他这句赞美诗,究竟是献给圣母还是献给草垫?我们不得而知。

这条长街是慢坡路,没有铺石块,越来越泥泞,也越来越倾斜。格兰古瓦没走出几步,就发现有些奇特的东西。看来这条路并非阒无一人,沿街爬着一团团不知什么东西,模模糊糊,奇形怪状,纷纷爬向街那头闪动的亮光,犹如笨重的昆虫,夜间沿着一根根草茎爬向牧人的营火。

人处於什么境况,都不如身上一文不名这样富於冒险精神。格兰古瓦继续往前走,很快赶上那些毛毛虫中爬得最慢、落到后面的一条,靠近前一看,才明白这不是别的东西,而是一个失去双腿的可怜残疾人,只见他用双手撑着蹿动,彷佛仅剩两只脚的受伤的盲蛛。格兰古瓦从跟前经过时,这只人面蜘蛛抬头看看他,声调凄惨地哀告:「行行好吧,老爷,行行好吧!(原文为义大利文。)」

「让魔鬼把你抓走!」格兰古瓦说,「也把我一道抓走,我若是明白你要说什么!」

他扬长而去。

接着,他又赶上另一个爬行动物,仔细瞧了瞧,原来是个又缺胳膊又短腿的残疾:此人的木腿和拐杖结构复杂,支撑着身子,整个儿像移动的脚手架。
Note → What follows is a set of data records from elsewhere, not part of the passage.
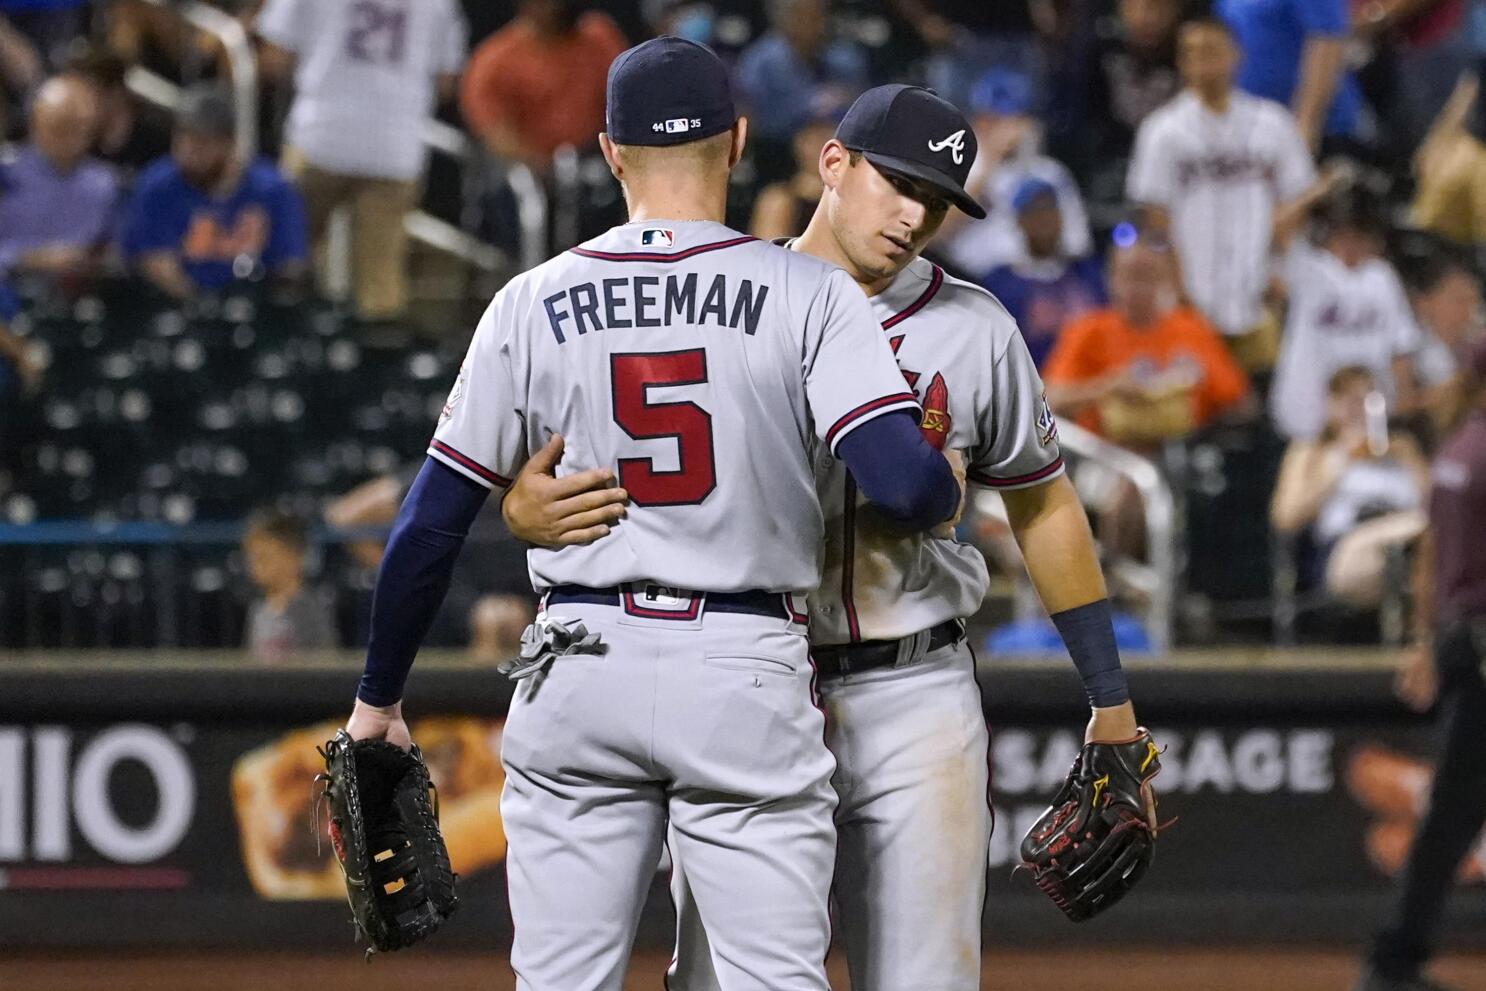 Freddie Freeman's RBI in 10th gives Braves 1-0 win vs. Reds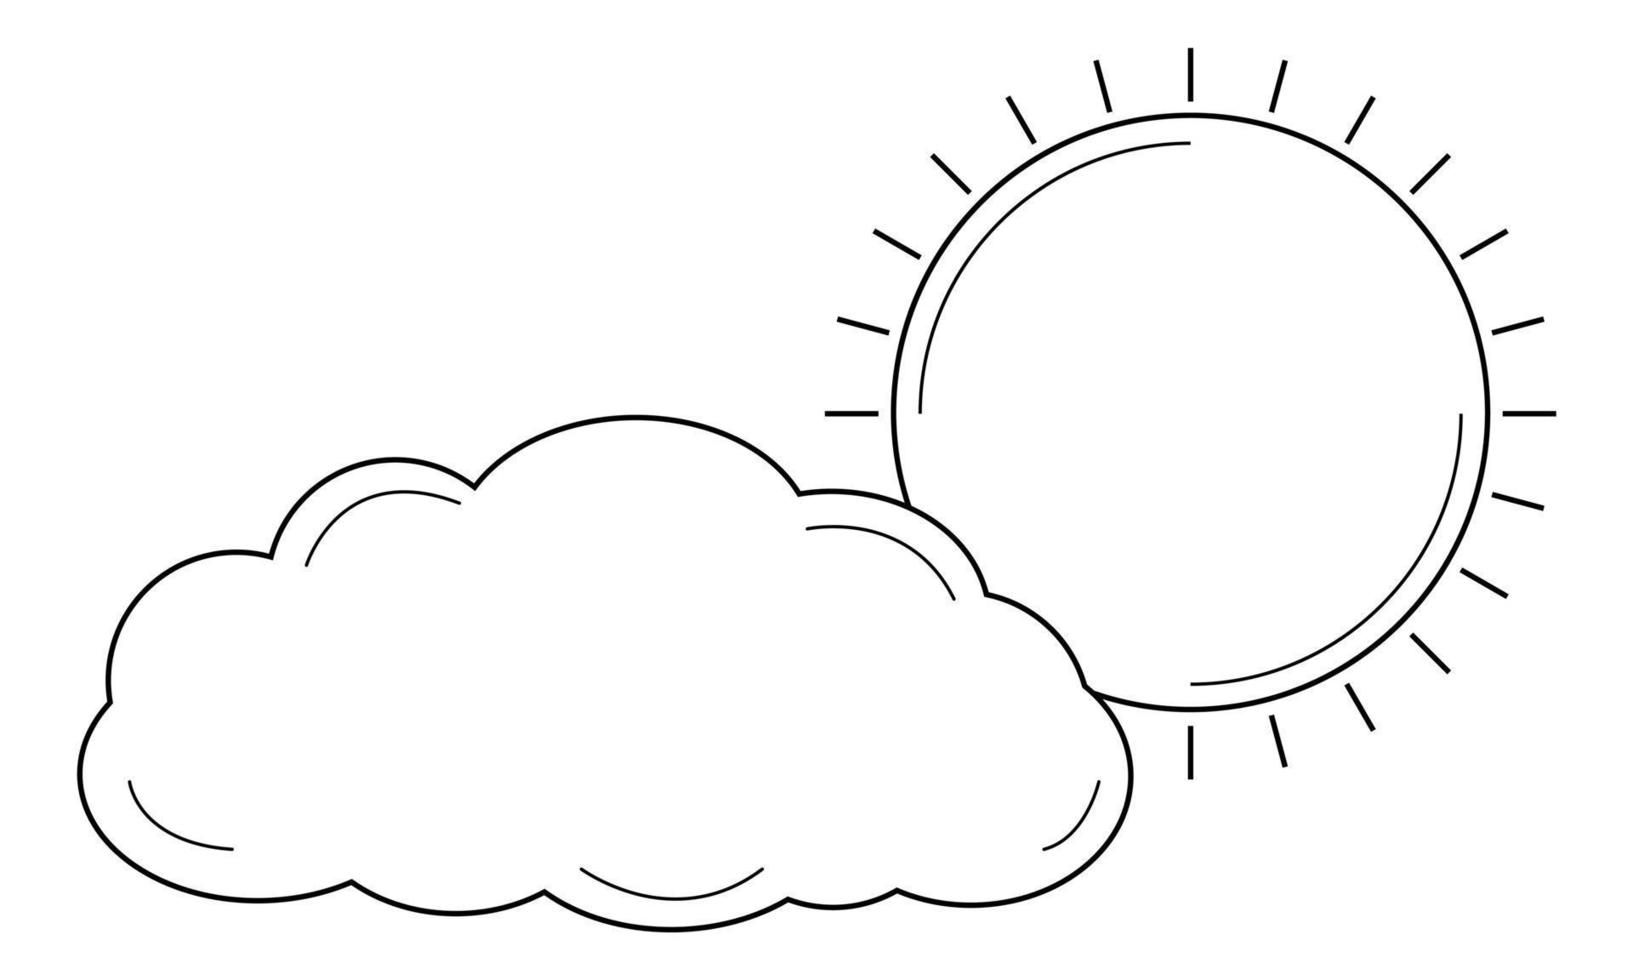 Hand drawn sun coming out from behind a cloud. Abstract image of uplifting mood. Doodle style. Sketch. Vector illustration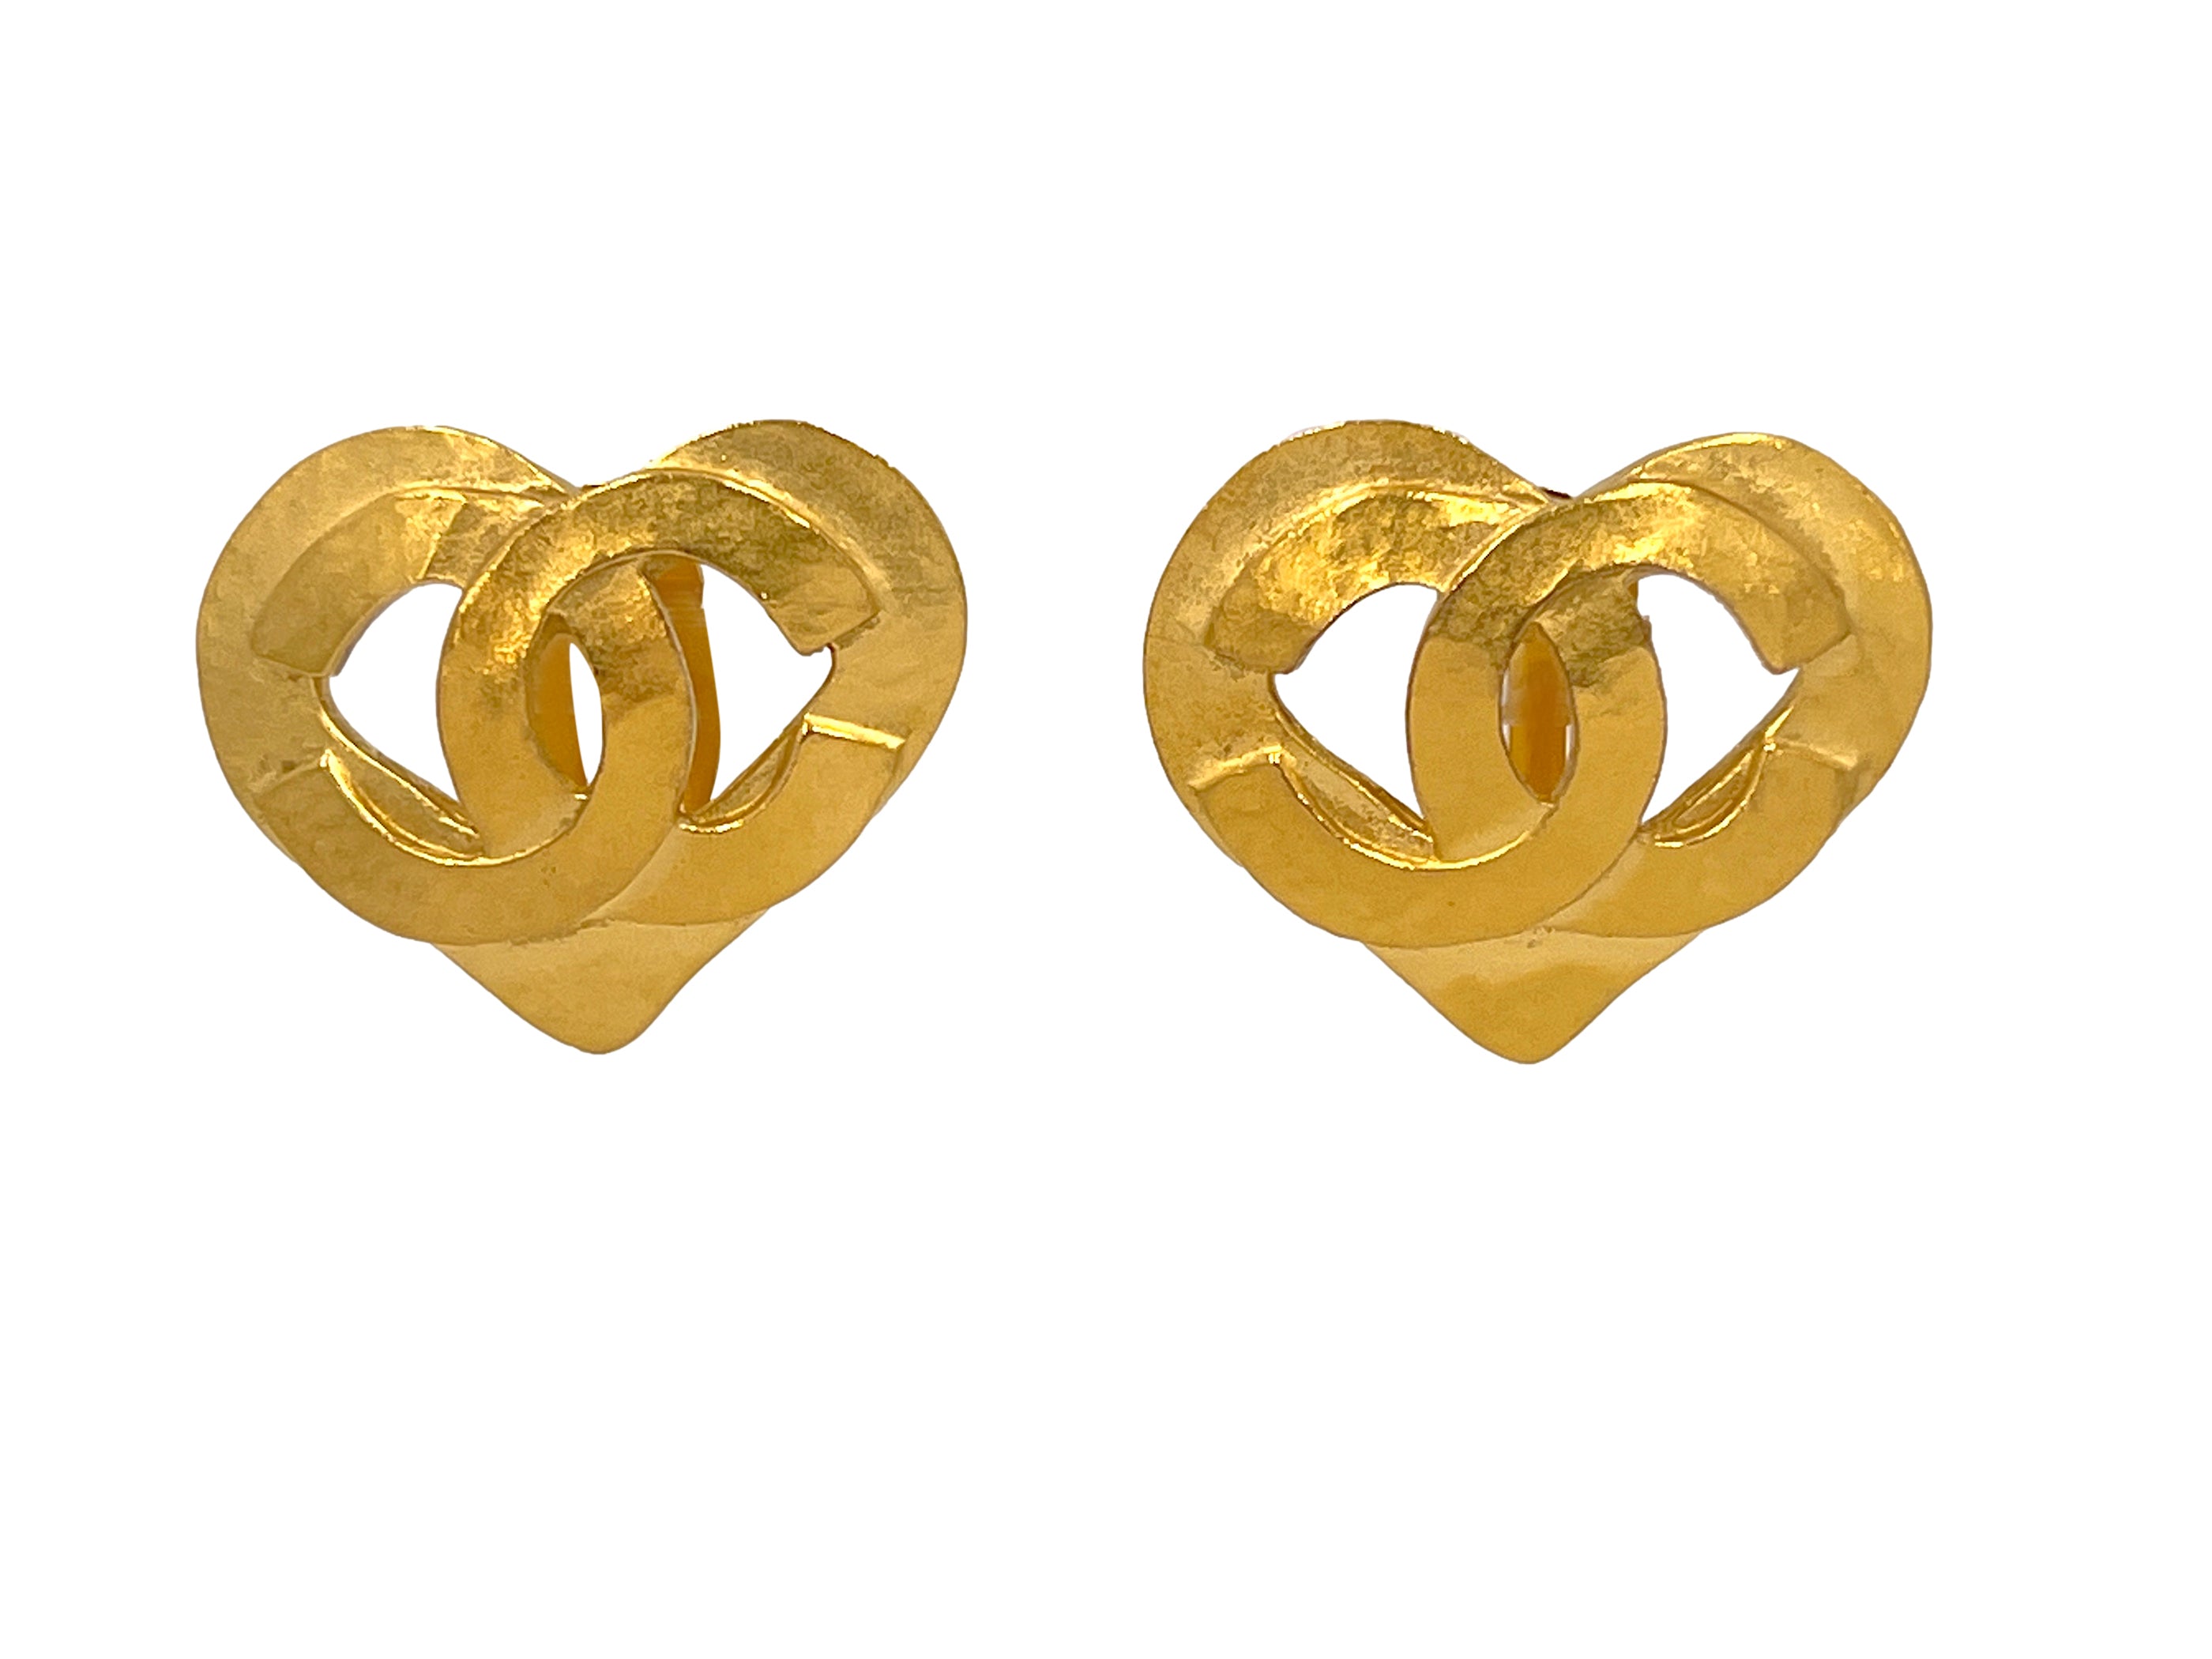 A Pair of Vintage Chanel 1993 Gold Toned Heart Clip On Earrings

格兰古瓦满腹典雅的譬喻,眼前所见,心中便比作火神的三足活鼎。

这只活鼎见他过来,便举帽致敬,帽子就停在格兰古瓦的下颏儿跟前,好像刮胡子的托盘,同时对他耳朵喊道:「骑士老爷,赏两个钱买块面包吧!(原文为西班牙文。)」

「看来这一个也会说话,」格兰古瓦说道,「可是,这种语言太粗鄙,他本人若是懂得,那就比我走运。」

他拍了拍额头,忽然联想起一件事:「对啦,他们上午说的『爱丝美拉达』,究竟是什么意思呢?」

他刚要加快脚步,却又第三次被什么东西挡住去路。说什么东西,不如说是什么人:是个瞎子,个头儿不高,满脸胡须,一副犹太人面孔,由一条大狗带路,手拿木棍往周围乱杵。他鼻音很重,带着匈牙利人口音对格兰古瓦说:「行行好吧!(原文为拉丁文。)」

「好极啦!」彼埃尔·格兰古瓦说道,「总算有个讲基督教语言(指拉丁语。)的人了。看来我是一副乐善好施的相貌,尽管身无分文,也纷纷有人求我施舍。我的朋友(他转身对瞎子说),上周,我把最后一件衬衣卖掉了;既然您只懂西塞罗(西塞罗(西元前106-西元前43):古罗马政治家,拉丁语演说家。)的语言,这就是说:上周我把最后一件衬衣卖掉了(又用拉丁文重复这句话。)。」

说罢,他掉头继续赶路;不料瞎子也加大步子跟上来,同时,另外两个残疾人,那个瘫子和那个腿脚残废者,也都急匆匆赶上来。他们三个跌跌撞撞,紧紧跟着可怜的格兰古瓦,并开始向他唱歌:「行行好吧(原文为拉丁文。)!」瞎子唱道。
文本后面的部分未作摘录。